6. We note that you acquired Yingxi Industrial Chain Investment Co., Ltd (“Yingxi HK”) on December 10, 2016. It appears that this may be a significant acquisition based on the purchase price. Tell us how you applied the guidance in Rule 8-04 of Regulation S-X in evaluating whether you are required to include audited consolidated financial statements of Yingxi HK and its subsidiaries.
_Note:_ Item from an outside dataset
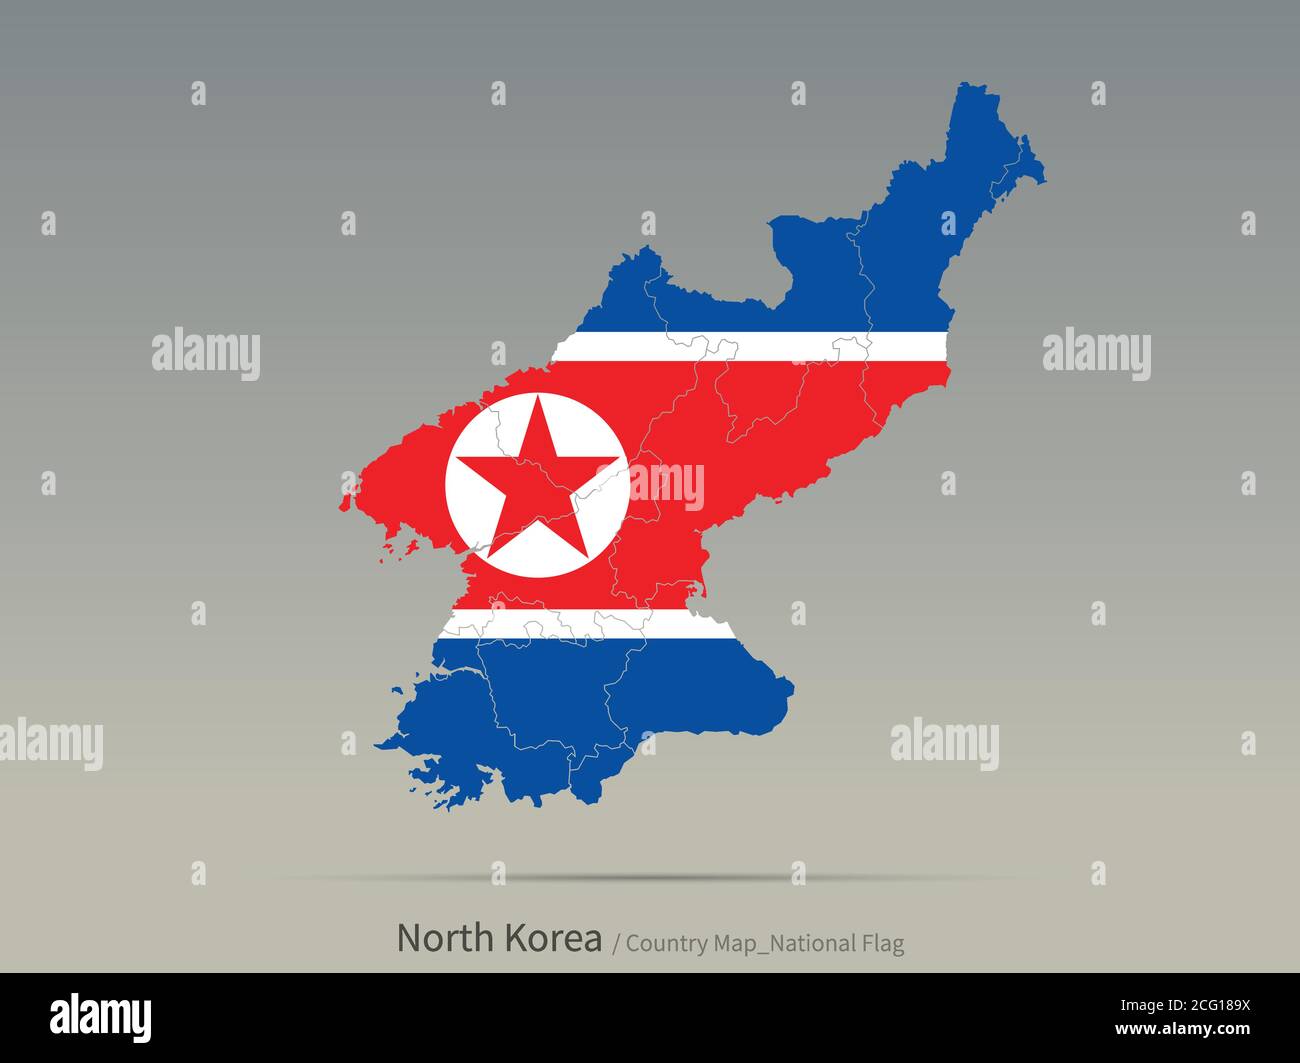 North Korea Flag Isolated on Map. Asian countries map and flag. Stock Vector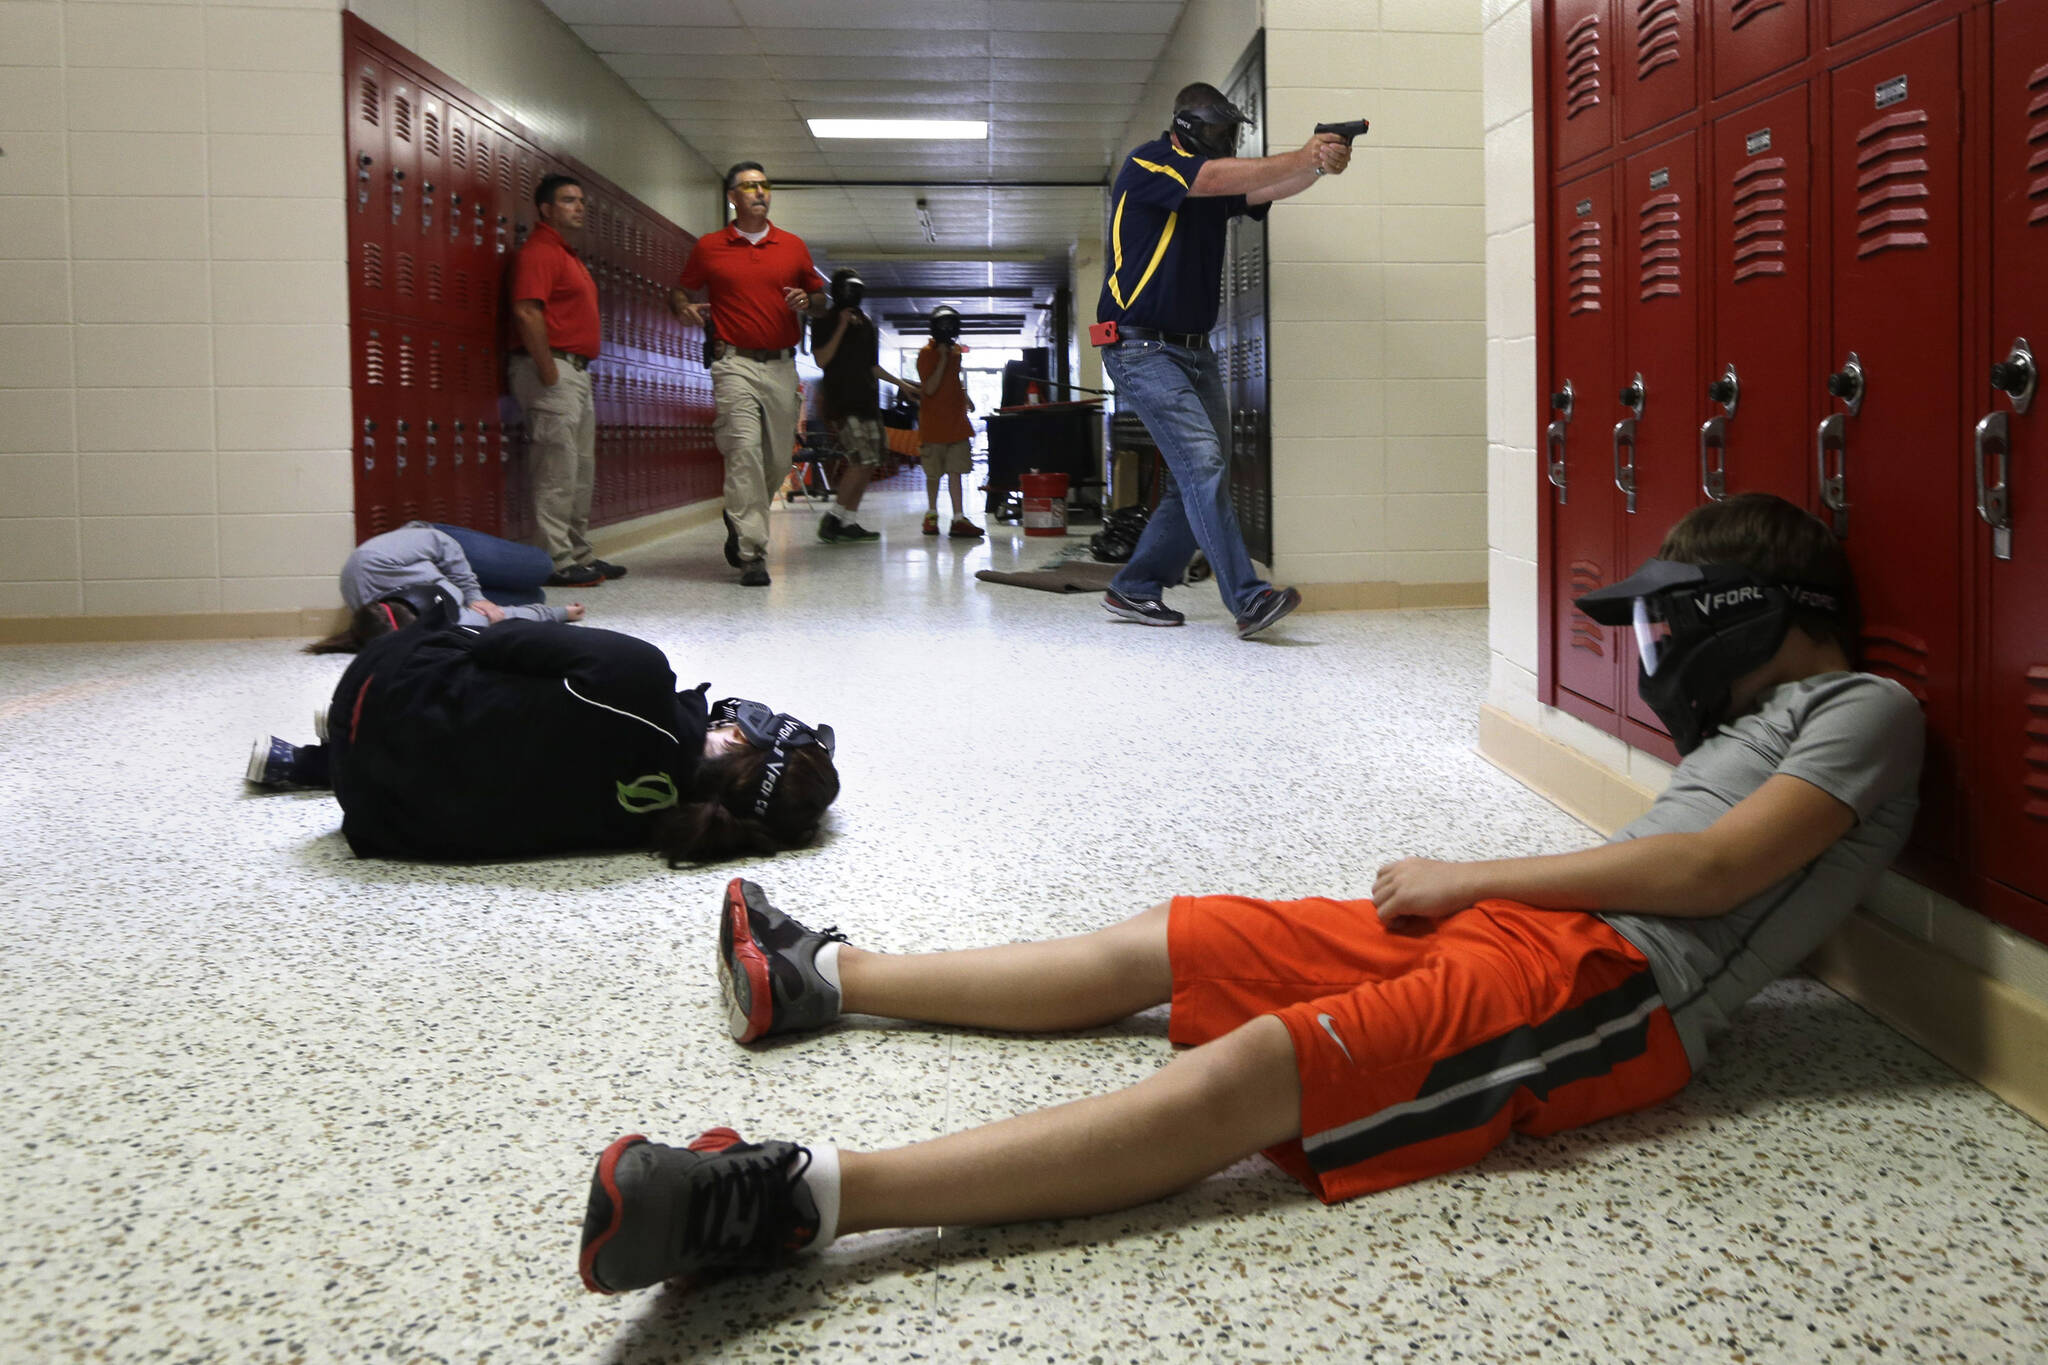 In this file photo taken July 11, 2013, a Clarksville Schools faculty member, top right, carries an air-powered practice handgun to a classroom as firearms instructors, left, watch and students, lying on the floor, portray victims during a training exercise in Clarksville, Ark. (AP Photo/Danny Johnston, File)

Also tell us how you considered the guidance in Article 11 of Regulation S-X in determining if pro forma financial information reflecting the acquisition is required.

 

Response: In response to the Staff’s comment, the Company ultimately concluded that the provisions of Rules 8-04 of Regulation S-X in connection with the audited consolidated financial statements and Article 11 of Regulation S-X in connection with the pro forma financial information are not applicable to our acquisition of Yingxi Industrial Chain Investment Co., Ltd (“Yingxi HK”).

 

The Company has considered the following factors to reach its conclusion:

 

(1)       In assessing whether financial statements of Yingxi HK and its subsidiaries were required by Rule 8-04 of Regulation S-X, the Company first determined that whether Yingxi was constituted as a “registrant” at the time when Yingxi acquired Yingxi HK. Addentax Group Corp. (“ATXG”) is the registrant and qualifies as a “smaller reporting company,” as defined in Item 10(f)(1) of Regulation S-K. The completion and effective date of the RTO was September 25, 2017 as contemplated in the share exchange agreement dated December 28, 2016. In making the assessment, we considered that Rule 8-04 and Article 11 of Regulation S-X are only to be applied to the ATXG until the RTO was completed on September 25, 2017 that Yingxi was deemed to become the registrant. Yingxi acquired Yingxi HK on December 15, 2016, which we believe Yingxi was not considered to be the registrant and the Regulation S-X was not applicable to Yingxi’s acquisition.

 

   
 

 

(2)       The Company notes that in Rule 8-04(c)(1) of Regulation S-X, “The separate audited balance sheet of the acquired business is not required when the smaller reporting company’s most recent audited balance sheet filed is for a date after the acquisition was consummated.” Yingxi HK was acquired by Yingxi on December 15, 2016, whereas Yingxi’s most recent audited balance sheet filed in the Form 8-K/A was December 31, 2016, which is for a date after the acquisition was consummated. Based upon the Company’s determination that the Yingxi met this rule and the Company believed that audited consolidated financial statements of Yingxi HK and its subsidiaries and the pro forma information reflecting the acquisition were not required.

 

(3)       The Company understand that clearly financial disclosure regarding acquired businesses is important for an investor to understand the impact of transactions. The Company considers the acquisition of Yingxi HK did not significantly change the Company’s financial condition, results of operation, liquidity and future prospects with the Yingxi’s consolidated financial statements as of December 31, 2016 included in the Form 8-K/A. Yingxi was a holding company without operations as of December 31, 2016, and that the consolidated financial statements as presented were mainly the financial position and results of Yingxi HK and its subsidiaries that were being consolidated into Yingxi since the acquisition date beginning December 15, 2016. The Company believes that to include the audited consolidated financial statements of Yingxi HK and its subsidiaries and pro forma information under the current requirements in Rule 8-04 and Article 11 of Regulation S-X were not that useful to the investors.

 

Based on the above evaluation and application of the guidance in Rule 8-04 of Regulation S-X, the Company concluded that the audited consolidated financial statements of Yingxi HK and its subsidiaries are not required to be included. Additionally, we considered the guidance in Article 11 of Regulation S-X and determined that pro forma financial information reflecting the acquisition is also not required.